In cartellone "L'Elisir d'amore" e "La Bohème"

Presentata oggi la Stagione d'Opera 2017 della Città di Fermo. In cartellone "L'Elisir d'amore" di Gaetano Donizetti (21 ottobre 2017- anteprima per le scuole il 19 ottobre) e "La Bohème" di Giacomo Puccini (7 dicembre; anteprima per le scuole 6 dicembre).

 

Il programma:

 

Giovedì 19 ottobre 2017 – ore 21,00

(anteprima prelazione per le scuole)

 

Sabato 21 ottobre 2017 – ore 21,00

 

 

 

Gaetano Donizetti

L’ELISIR D’AMORE

melodramma giocoso in due atti

libretto di Felice Romani

editore Casa Ricordi, Milano

 

Direttore d’orchestra FRANCESCO OMMASSINI
Regia SAVERIO MARCONI ripresa da FABRIZIO ANGELINI

FORM / ORCHESTRA FILARMONICA MARCHIGIANA
Coro del Teatro della Fortuna  “Mezio Agostini”

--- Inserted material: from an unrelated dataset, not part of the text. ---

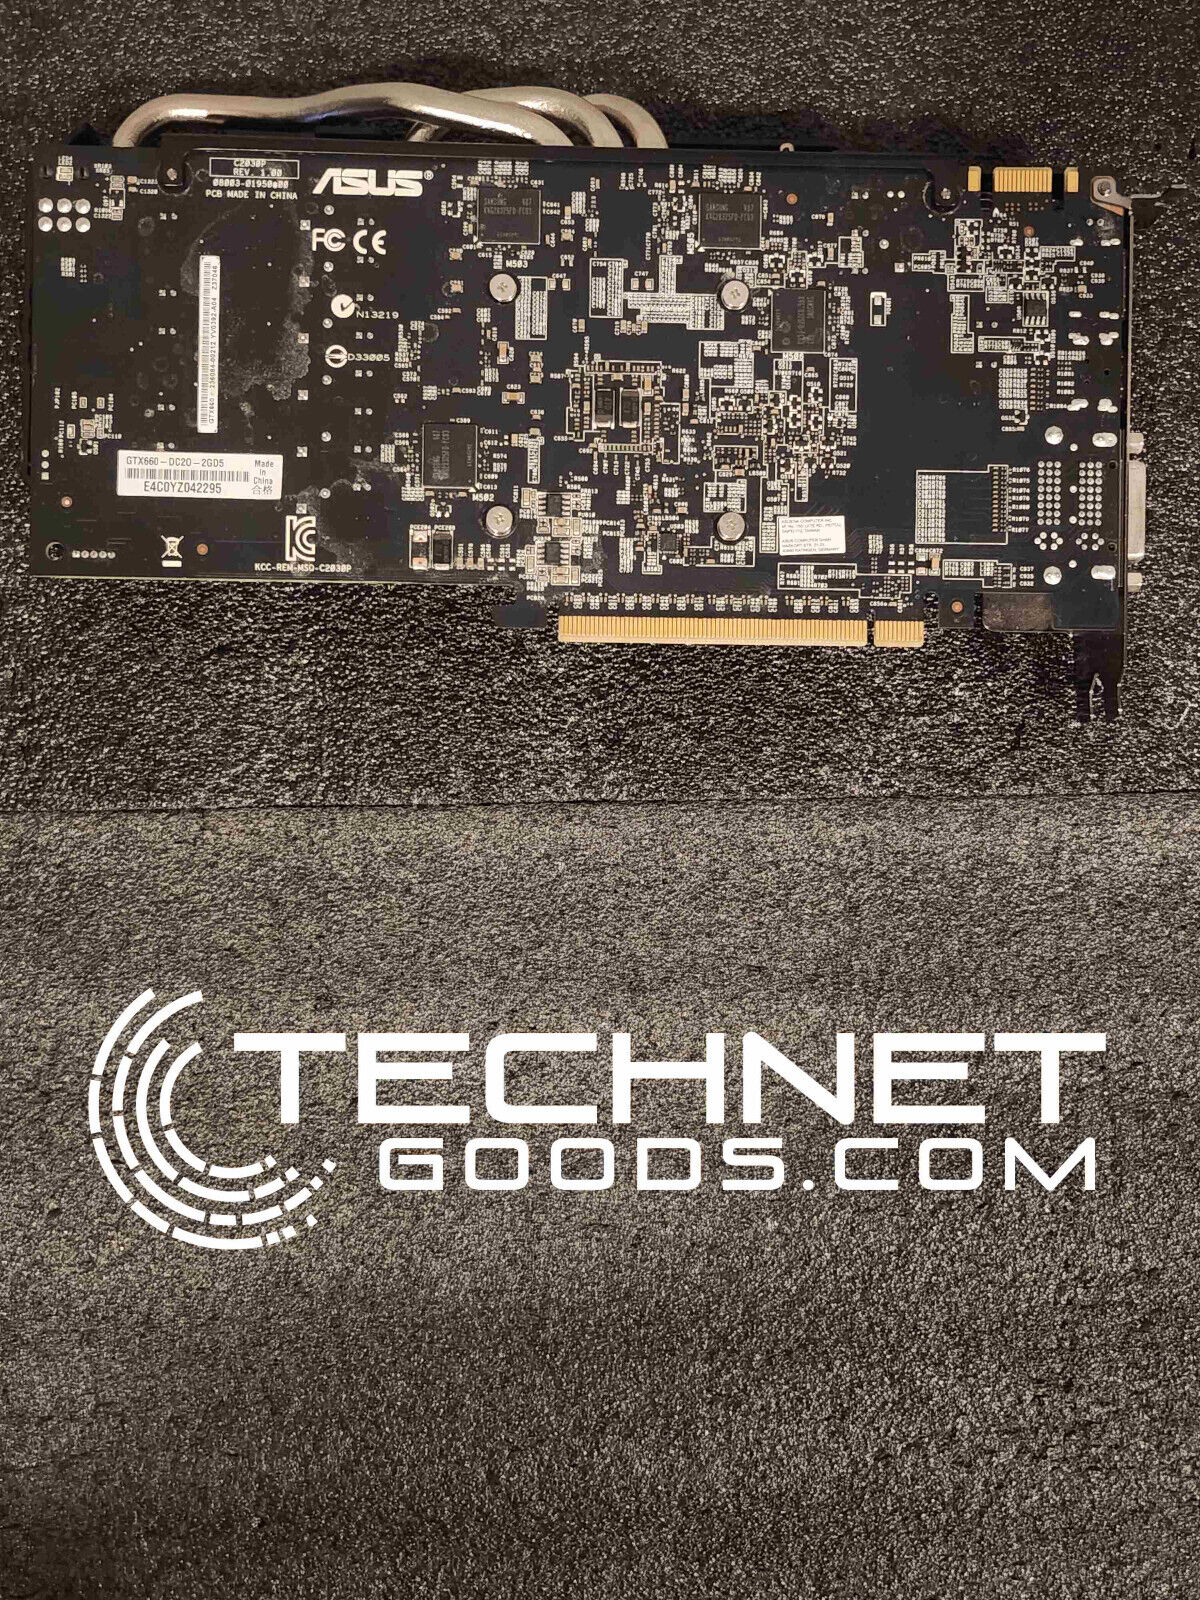 ASUS GTX 660 2GB GDDR5 - TESTED

Maestro del coro Mirca Rosciani

 

Allestimento Rete Lirica delle Marche 

 

Coproduzione della  RETE LIRICA DELLE MARCHE

Teatro dell’Aquila di Fermo, Teatro della Fortuna di Fano,

Teatro Ventidio Basso di Ascoli Piceno

 

 

Personaggi                 Interpreti

Adina                         Angela Nisi

Nemorino                   Davide Giusti

Belcore                       Bruno Taddia

Dulcamara                 Enrico Marabelli

Giannetta                    Sara De Flavis

 

 

ATTO PRIMO

Paesi Baschi. Fine del XVIII secolo.

I mietitori stanno riposando all’ombra mentre la loro fittavola Adina legge un libro che narra la storia di Tristano e Isotta. Il contadino Nemorino la osserva ed esprime per lei tutto il suo amore e la sua ammirazione, dolendosi della propria incapacità di conquistarla. I contadini chiedono ad Adina di leggere ad alta voce e lei riferisce la storia di Tristano che, innamorato della regina Isotta, ricorre a un filtro magico che lo aiuta ad attirare il suo affetto e la sua fedeltà.

Mentre Nemorino sogna di trovare questo magico elisir, arriva al paese il sergente Belcore con lo scopo di arruolare nuove leve. Egli corteggia Adina e le propone di sposarlo, ma la bella ragazza risponde di volerci pensare. Segue un duetto tra Adina e Nemorino in cui la donna espone la sua teoria sull’amore: l’amore fedele e costante non fa per lei. Arriva il dottor Dulcamara che sfoggia alla gente le proprie portentose pozioni: Nemorino gli chiede se per caso abbia l’elisir che fa innamorare e il ciarlatano gli offre per uno zecchino una bottiglia di vino Bordeaux, spiegando che l’effetto si farà sentire dopo un giorno (quando egli sarà già lontano dal villaggio!). Nemorino beve l’elisir e si ubriaca: ciò lo fa diventare disinvolto tanto da mostrarsi indifferente nei confronti di Adina, che subito prova un certo fastidio, abituata com’è a sentirsi desiderata. Per vendicarsi dell’indifferenza di Nemorino, Adina accetta di sposare Belcore, che però dovrà partire il giorno dopo, dunque le nozze saranno celebrate subito.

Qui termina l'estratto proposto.